Varsha D. Badal, Petras J. Kundrotas, Ilya A. Vakser

Abstract

Structural modeling of protein-protein interactions produces a large number of putative configurations of the protein complexes. Identification of the near-native models among them is a serious challenge. Publicly available results of biomedical research may provide constraints on the binding mode, which can be essential for the docking. Our text-mining (TM) tool, which extracts binding site residues from the PubMed abstracts, was successfully applied to protein docking (Badal et al., PLoS Comput Biol, 2015; 11: e1004630). Still, many extracted residues were not relevant to the docking. We present an extension of the TM tool, which utilizes natural language processing (NLP) for analyzing the context of the residue occurrence. The procedure was tested using generic and specialized dictionaries. The results showed that the keyword dictionaries designed for identification of protein interactions are not adequate for the TM prediction of the binding mode.

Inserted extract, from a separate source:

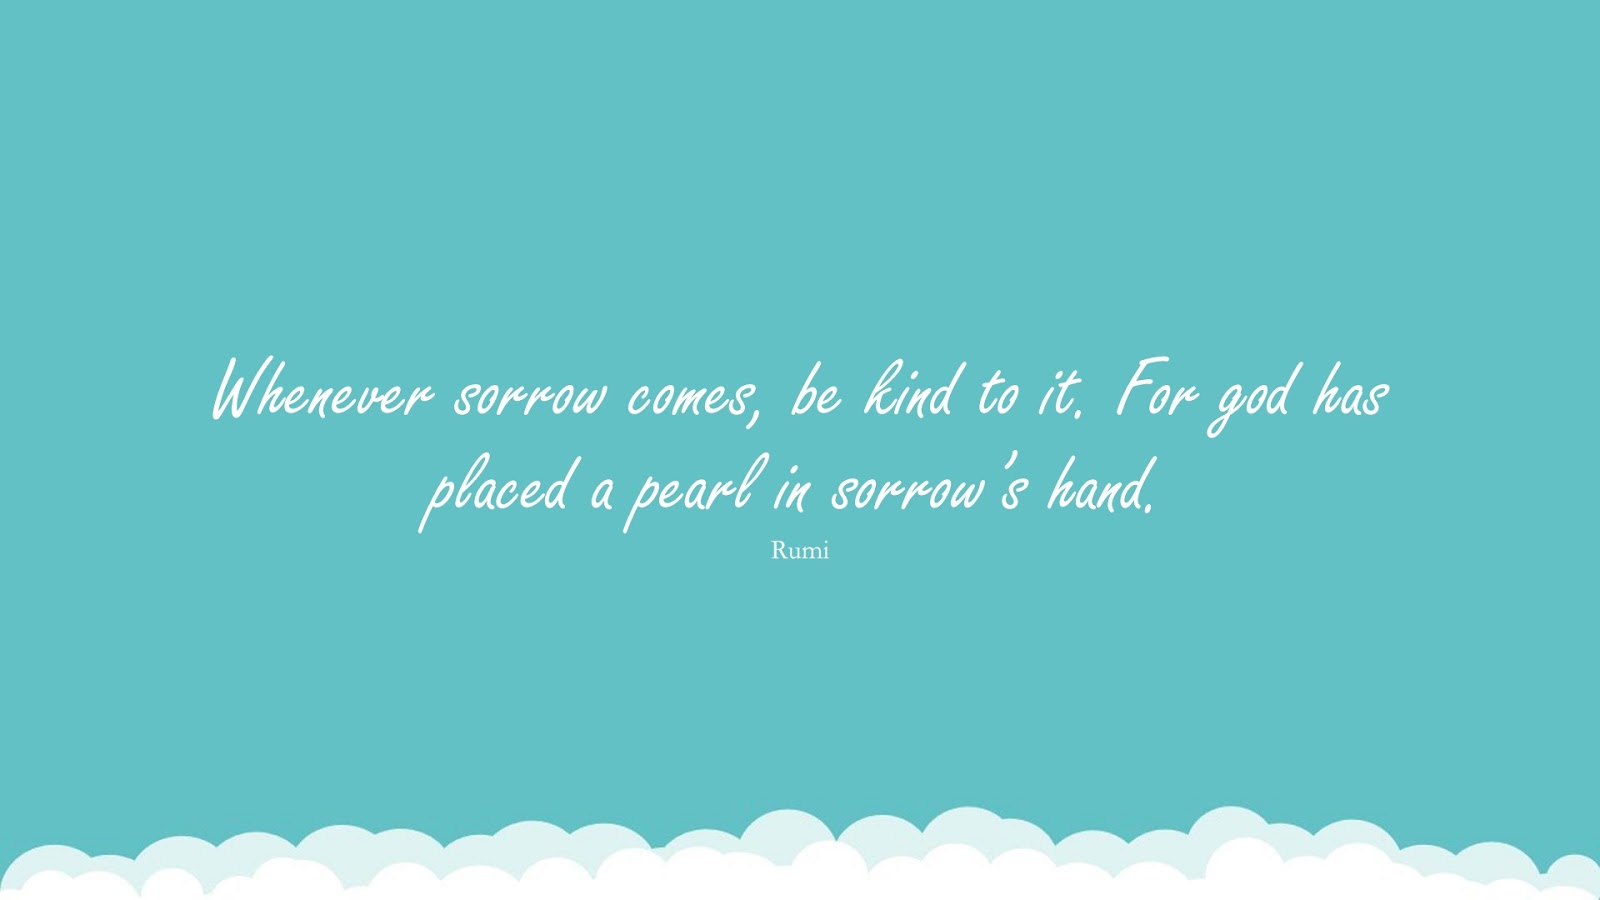 Whenever sorrow comes, be kind to it. For god has placed a pearl in sorrow’s hand. (Rumi);  #RumiQuotes
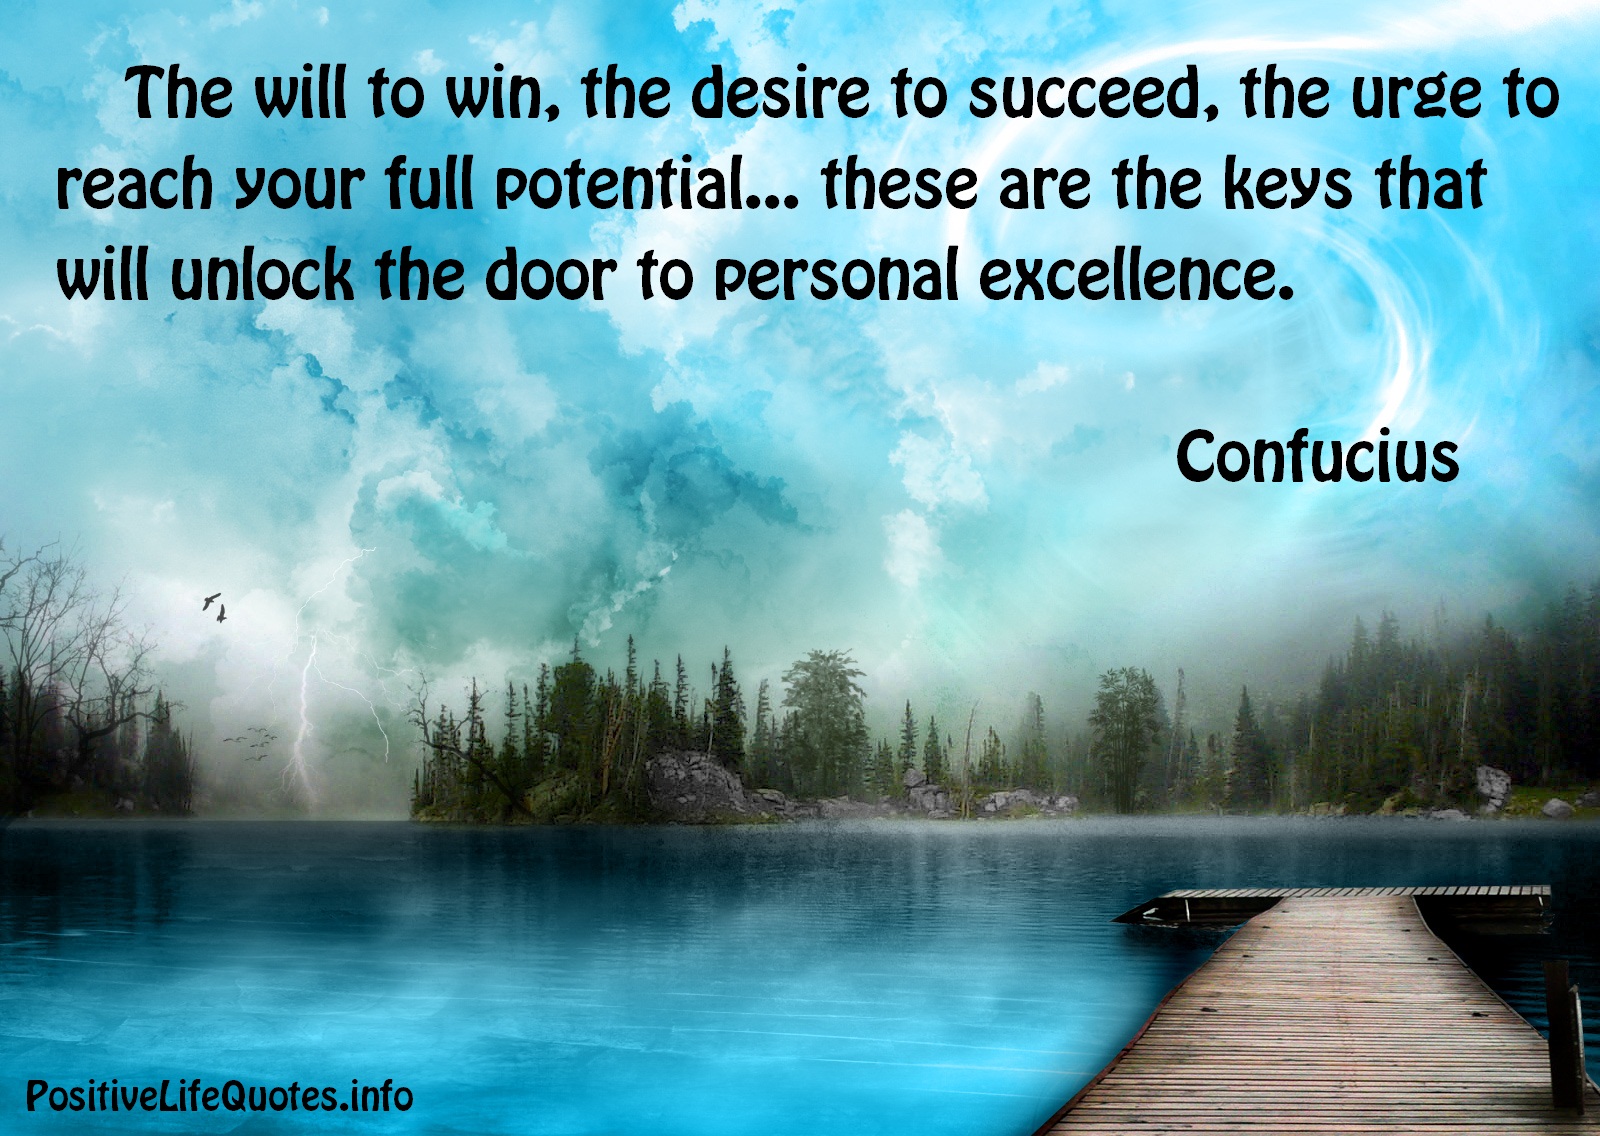 The will to win, the desire to succeed, the urge to reach your full potential… these are the keys that will unlock the door to personal excellence. Confucius

However, our dictionary designed to distinguish keywords relevant to the protein binding sites led to considerable improvement in the TM performance. We investigated the utility of several methods of context analysis, based on dissection of the sentence parse trees. The machine learning-based NLP filtered the pool of the mined residues significantly more efficiently than the rule-based NLP. Constraints generated by NLP were tested in docking of unbound proteins from the DOCKGROUND X-ray benchmark set 4. The output of the global low-resolution docking scan was post-processed, separately, by constraints from the basic TM, constraints re-ranked by NLP, and the reference constraints. The quality of a match was assessed by the interface root-mean-square deviation. The results showed significant improvement of the docking output when using the constraints generated by the advanced TM with NLP. The basic TM procedure for extracting protein-protein binding site residues from the PubMed abstracts was significantly advanced by the deep parsing (NLP techniques for contextual analysis) in purging of the initial pool of the extracted residues. Benchmarking showed a substantial increase of the docking success rate based on the constraints generated by the advanced TM with NLP.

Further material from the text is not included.